Liczymy dwa miliardy Pana Ballmera. Jeden miliard, dwa miliardy. Robimy kolejne rozpoznanie sytuacji i dowiaduję się, że Donald Sterling dostał żółte papiery. Prawnik nie odbiera telefonu. What else is new?
Potem nie dajemy dziś większych szans IND przewidując nocny blowout.
Jest spory passus o ewolucji obgryzania paznokci – transition offense–z odrażającego, prostackiego frontu na bardziej subtelne boki. Smacznego.
Sprawdzamy czy to prawda, że SAS poszli w latino.
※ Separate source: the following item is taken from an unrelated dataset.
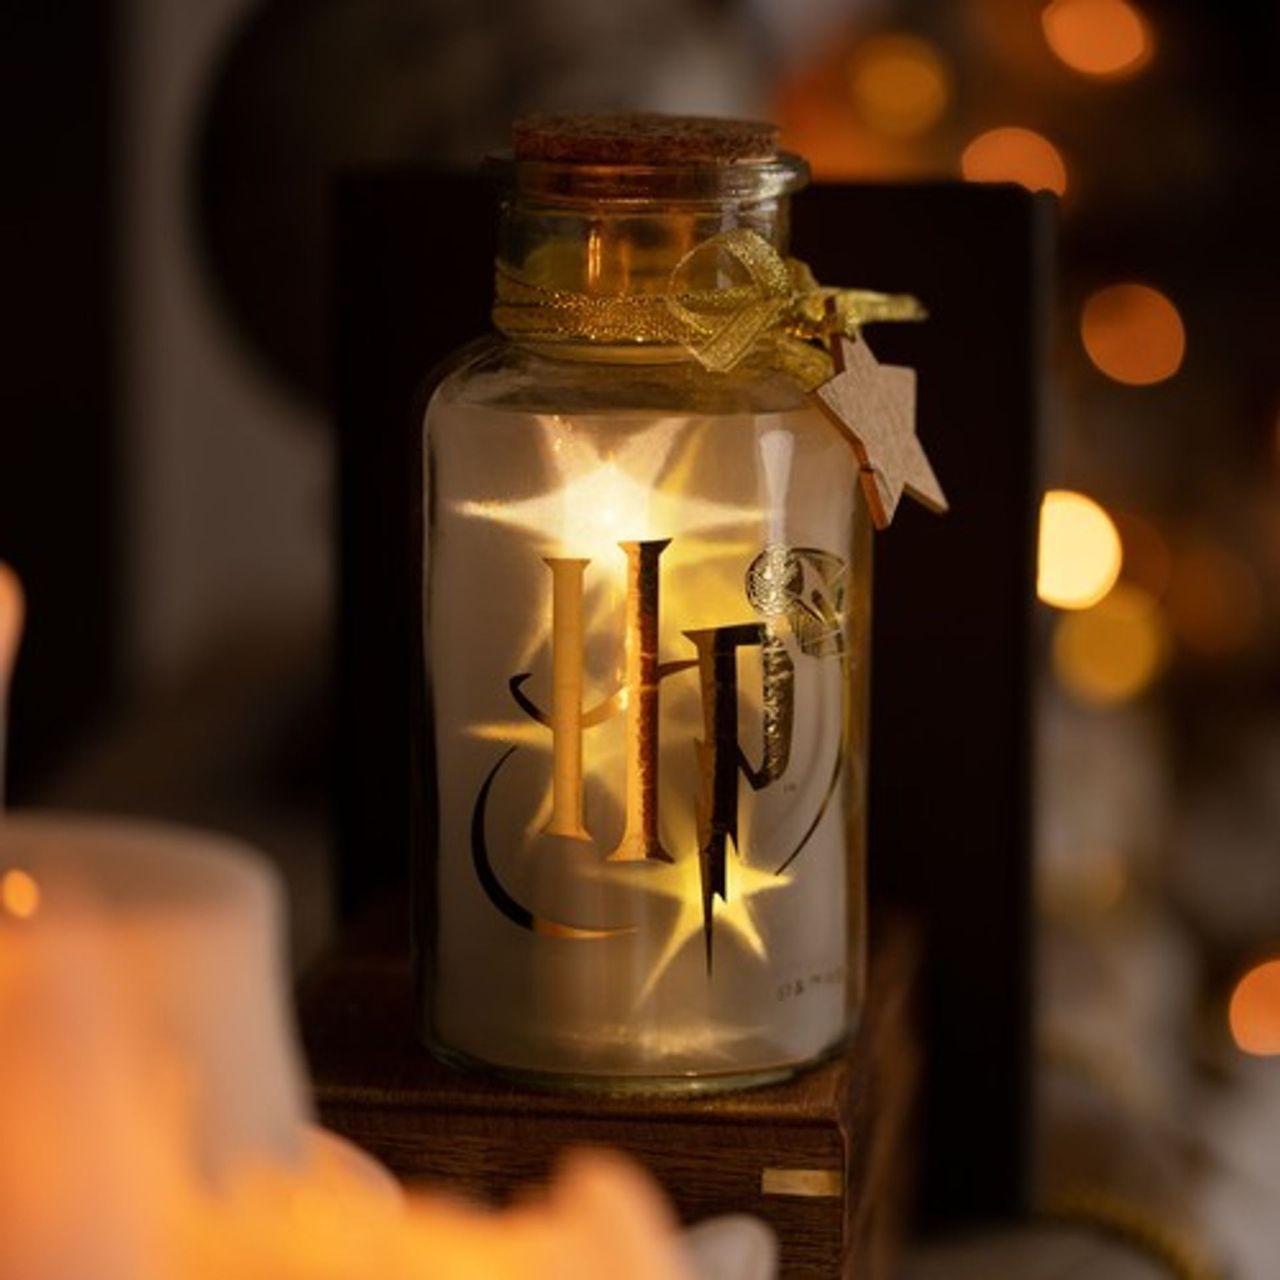 Harry Potter LED Light Up Glass Jar - Hogwarts Crest  Lumos maxima! Light up your home this Christmas with this Hogwarts LED glass jar light. With a stunning print, this fun accessory is sure to add a touch of magic to your home this Christmas.

Maciek nazywa połowicę Matta Bonnera śliczną a ja myślę, że ona i Natalka Siwiec korzystają z tego samego katalogu on-line do zakupu sztucznych nosów.
Adam Silver też nie jest gapa.
Tata jeszcze nie czytał (musi wykupić abonament).
Umawiamy się na spotkanie na moście Tower Bridge w pewien styczniowy poranek 2015.
Myśl na dziś (mojej żony): Chłopaki, interpunkcja to nie jest garść przecinków rzucona do tekstu.
Między Rondem a Palmą (30-05-14, odc. 95) by Między Rondem A Palmą on Mixcloud
Bonner w s5. You gotta love SPURS! No, kur.a Pop. To są szachy a on myśli o 10 ruchów do przodu.
Mówi się “wazona” nie “wazonu” :)
Poprawione :)
Maciek nie przepraszaj za suchary. Suchary są spoko. Sam przypadkowo ich używam przynajmniej 10 razy dziennie. :) Suchar codziennie.
ZNYKający, na bukmachera byś się nie nadawał :)
Kamil:)
Na końcu było dużo LOVE. :) Miłego likendu wszystkim życzę
Fragment o technikach obgryzania paznokci przez LBJa – miszczostwo śfiata.